FRANKFORT—These guys don’t look like rock stars at first glance.

Or second glance. Or third.

Yet, they travel the world making public appearances, posing for photographs and signing autographs, usually on bottles of Kentucky’s best bourbon, some of which have their picture on the label.

This is officially Bourbon Heritage Month in Kentucky. The 18th annual Bourbon Festival is Sept. 15-20 in Bardstown. The eight-distillery Kentucky Bourbon Trail is expecting a record number of tourists.

So I figured this was a good time to sit down with three of bourbon’s elder statesmen: Elmer T. Lee, 90, former plant manager at Buffalo Trace; and master distillers Jimmy Russell, 74, who has been at Wild Turkey in Lawrenceburg for 55 years, and Parker Beam, 67, who is celebrating 50 years at Heaven Hill in Bardstown.

Bourbon sales have been growing steadily for 25 years, especially in international markets such as Japan, Australia and Europe. Distillery production is up 50 percent since 1999.

Much of the credit is given to Lee, who introduced Blanton’s Single Barrel in 1984, launching the premium bourbon market that has been the industry’s growth engine. Single barrel and small batch recipes have transformed bourbon’s image from a commodity into a craft product, like fine wine.

You also can’t discount the marketing genius of Bill Samuels at Maker’s Mark in Loretto, who taught a conservative industry how to be folksy and hip at the same time.

More than 95 percent of all bourbon is made in Kentucky, creating a $3 billion industry with 3,200 direct jobs. Although some distilleries are now owned by international conglomerates, they’re almost all run and staffed by Kentuckians with old bourbon family trees.

Russell and Beam are third-generation distillers, and their sons are distillers, too. Beam’s grandfather, for whom he was named, was master distiller at the operation owned by his grandfather’s brother, Jim Beam.

I visited with Russell, Beam and Lee around a table at Stony Point, the hilltop home where Col. Albert Blanton once commanded the 110-acre distillery now called Buffalo Trace. These three friends and rivals have known each other for decades. They can, and often do, give each other a hard time—and finish each other’s sentences.

The first thing I wanted to know was how these experts drink their bourbon.

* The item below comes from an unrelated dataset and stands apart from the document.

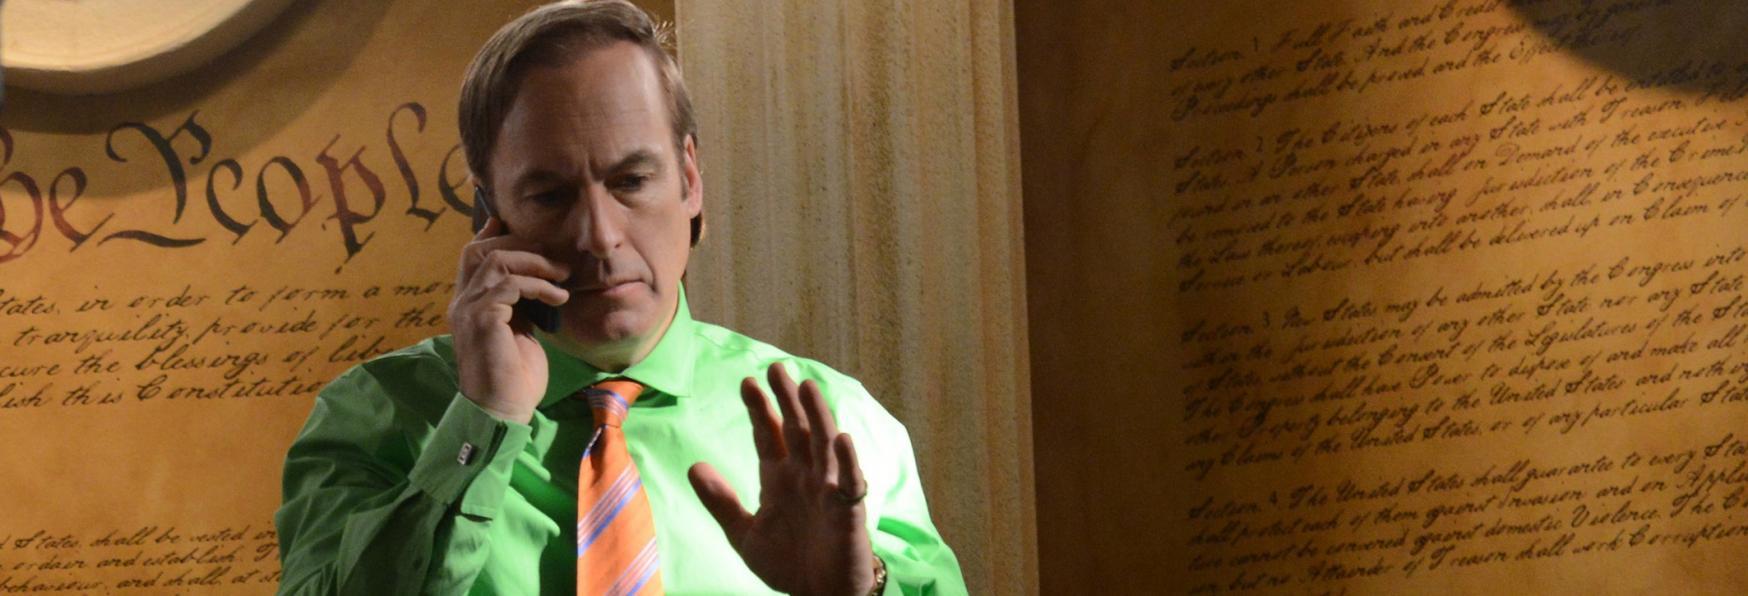 Better Call Saul 5: Saul Goodman nel nuovo Teaser della Serie TV
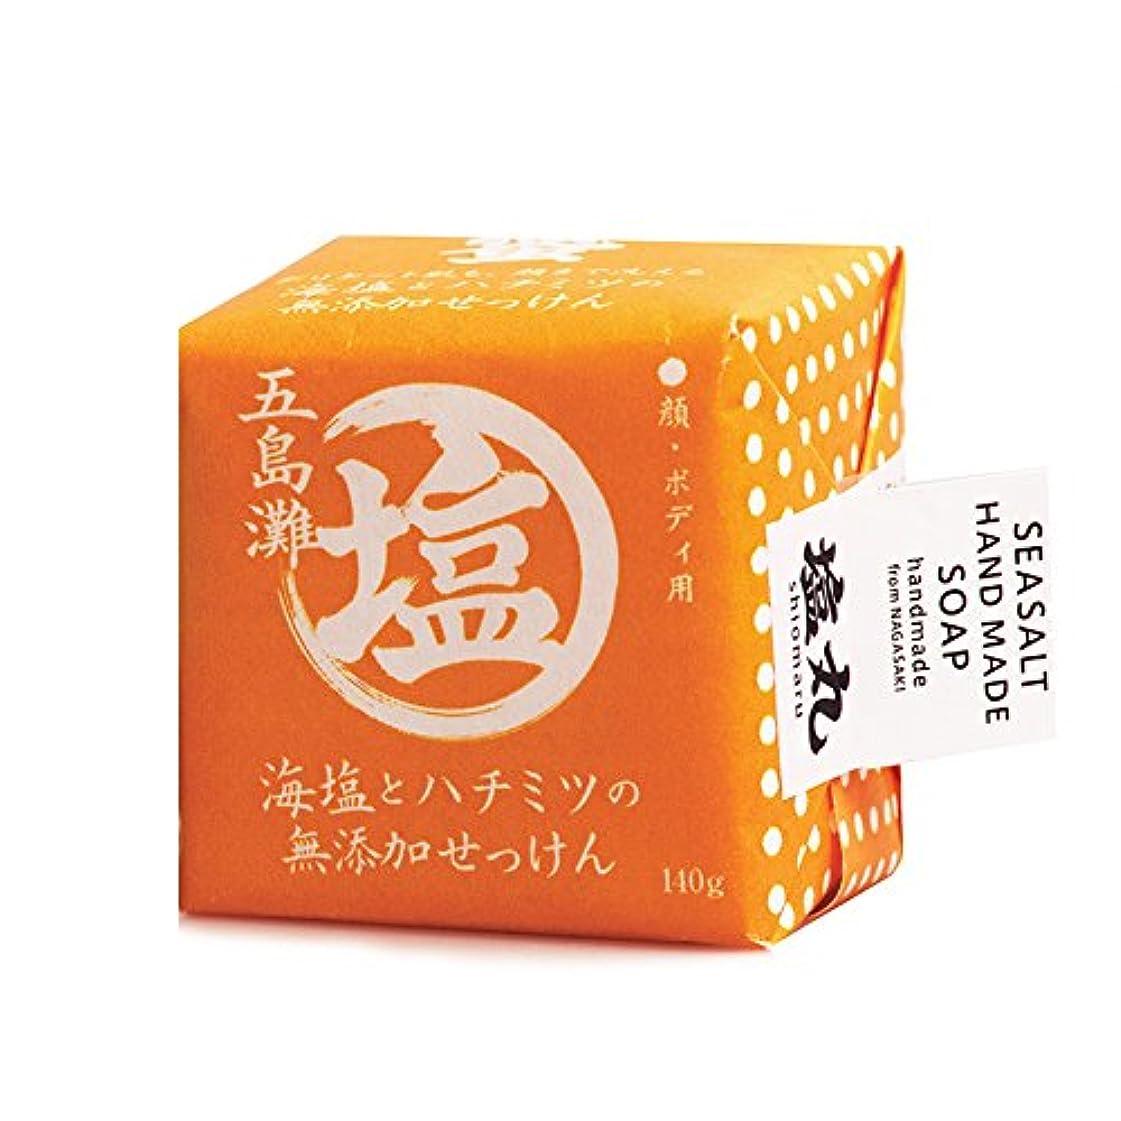 狭い飢えナット(塩丸)にがり入海塩の無添加せっけん/蜂蜜

Russell sips his “neat”— or straight—from a brandy snifter so he can enjoy the aroma. In summertime, he might drink it over ice, or chill the bottle in the refrigerator. Beam also is a straight-bourbon man, although he sometimes chases it with a little water. Lee prefers his bourbon mixed with 7Up or Sprite.

Russell, whose personal brand is Russell’s Reserve, and Beam, who developed Evan Williams Single Barrel, have a drink most days, but not every day. Lee is a daily drinker, but, like the others, in moderation.

“I don’t try to drink it all every night,” Lee said. “Just one good highball.”

Does Lee, the namesake of Elmer T. Lee Single Barrel, give bourbon any credit for his living to be 90? “I give it a whole lot of credit,” he said. “It ain’t hurt a damn thing.”

Beam jumps in: “Booker Noe, my cousin (and former master distiller at Jim Beam in Clermont) always said, there’s too much living proof bourbon won’t hurt you. Look at all us old-timers.”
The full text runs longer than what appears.